I jog over to it, hoping to scare it into flying, but it just keeps hopping around.

“Why won’t you fly, you stupid bird. . .” I run now, the bird just continues to hop as fast and as far away from me as it possibly can.

I can no longer contain it, “Fly! Fly! Get as far away from here as you possibly can, if you don’t flap your wings, you’ll die of starvation! Get out of here! Now!” I sprint. The bird can not keep it’s lead on me for long. I catch up with it and grip it in my hands. It squawks and struggles pointlessly against my grip. I’m far more powerful than this putrid, vile creature. I shake it, hoping to give this bird some of my sense.

~+~
Hours later

I place the bird in the hole I dug for it, right under the bonsai tree. It was born deformed, unable to fly. I killed it. I didn’t want it to go through it’s life unable to be free. It would have starved to death, anyways. Might as well go and put it out of it’s misery.

I glance down at my arm again. The blood that drips from the newly broken skin glistens in the sunlight. I stole a razor when getting the spade to dig the hole for the freshly dead bird.
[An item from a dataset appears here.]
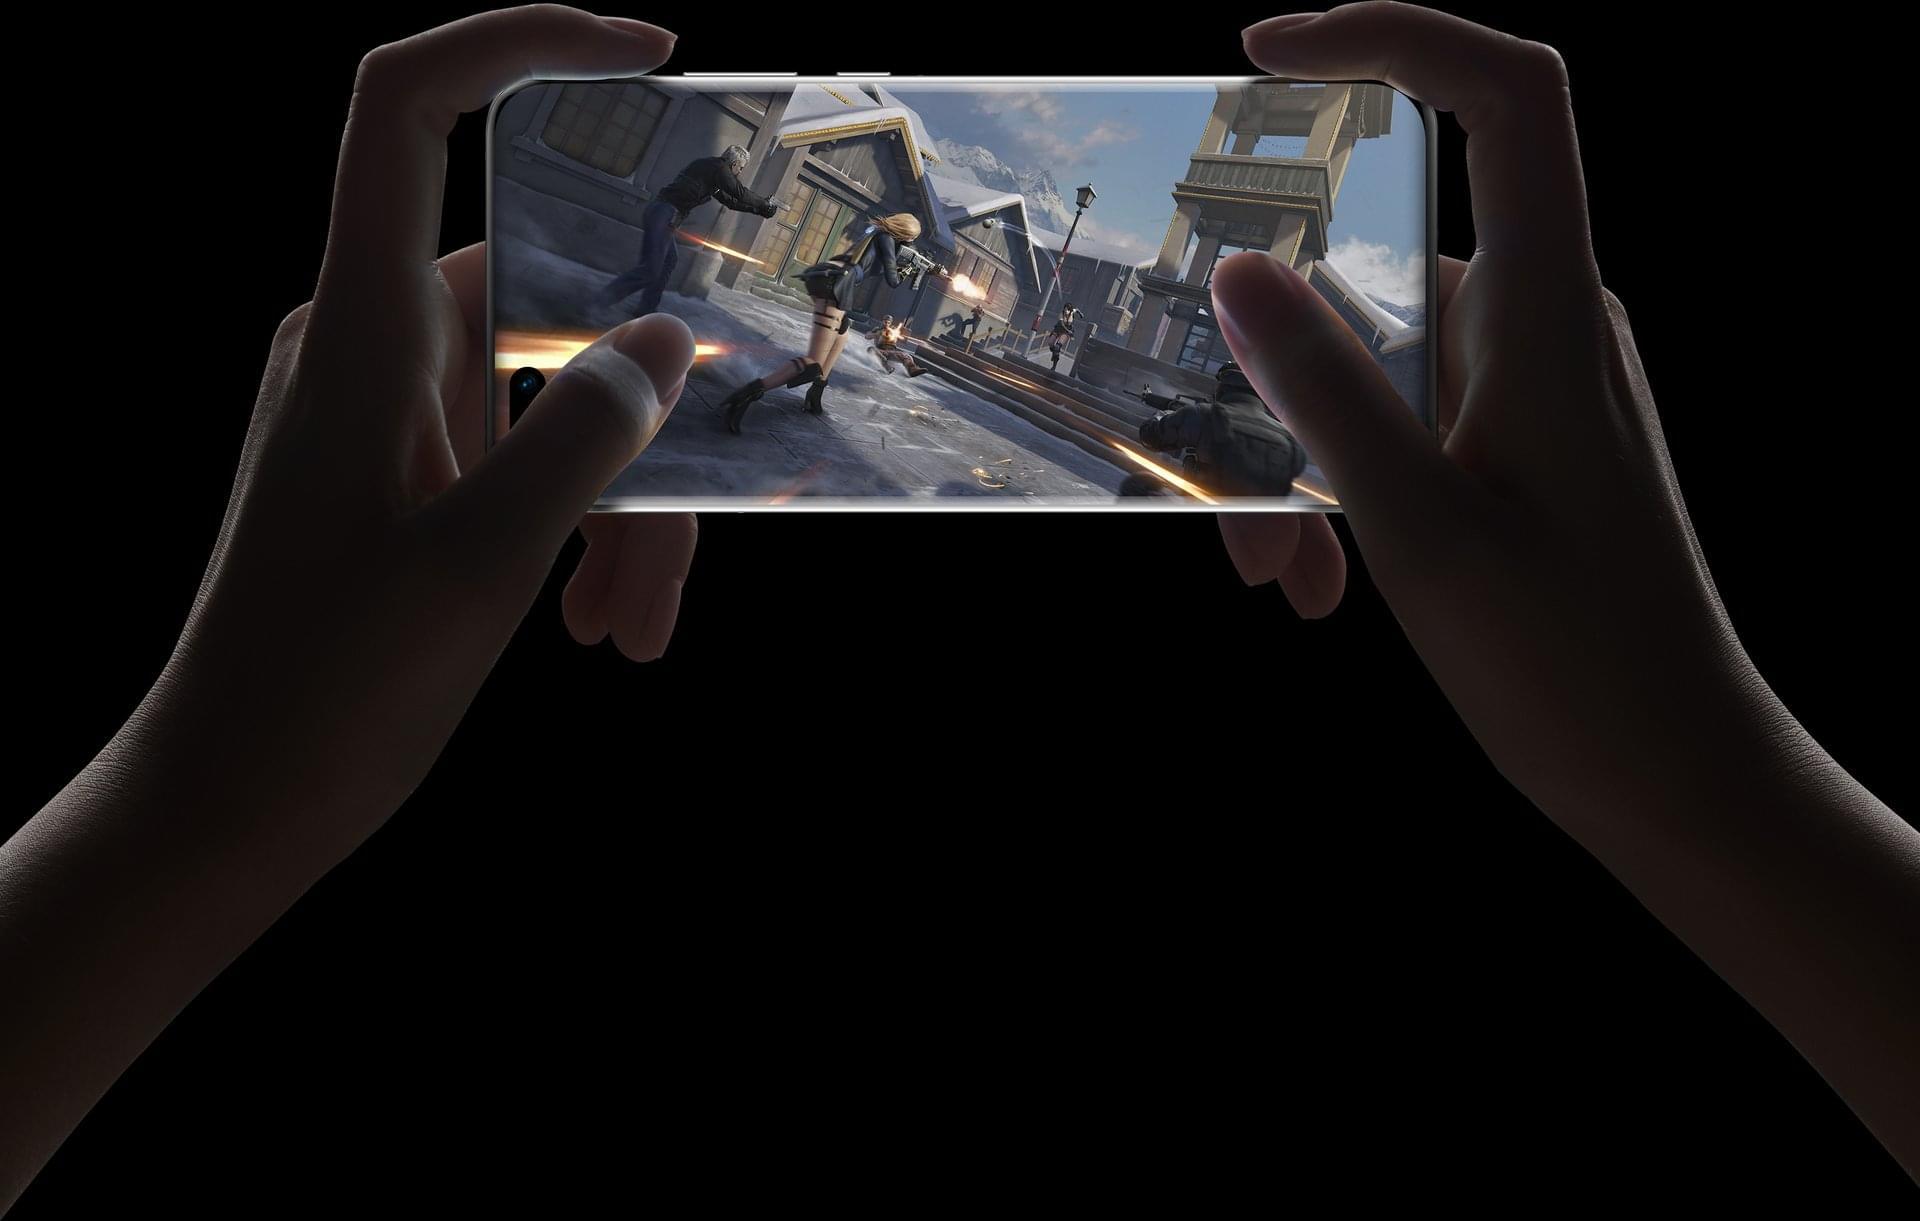 huawei p40 pro+ immersive gaming

I guess the tree has answered all my questions, simply by saying in a silent way ‘you will never defy the destiny that has been given to you. Fate will control every aspect of your life from the day of your birth until the day of your death.’

This is my destiny.

I am a caged bird, and that’s that.

The End

That turned out so much more emo then I intended it to be! Ah, my poor little Neji needs a hug gomen na, Neji-kun.
So the mystery to why he has bandages on his right arm is solved. . . . .oh, and the
Screw this destiny stuff is supposed to be taken as a joke (Neji means spiral, helix, or screw in Japanese)
I’m a terrible person and a terrible writer. I should probably stop, but I should write a couple more for the fans of maybe Gaara (What It Means to Be: A Destroyer?), Lee (What It Means to Be: A Failure?), maybe. . . .Sakura? (What It Means to Be: Disregarded????), Hinata? (What It Means to Be: A Heir?)
I highly doubt I’m going to. . . . .I have no motivation and I already wrote a story for my favorite character. . . . . .Oh well. . .So long.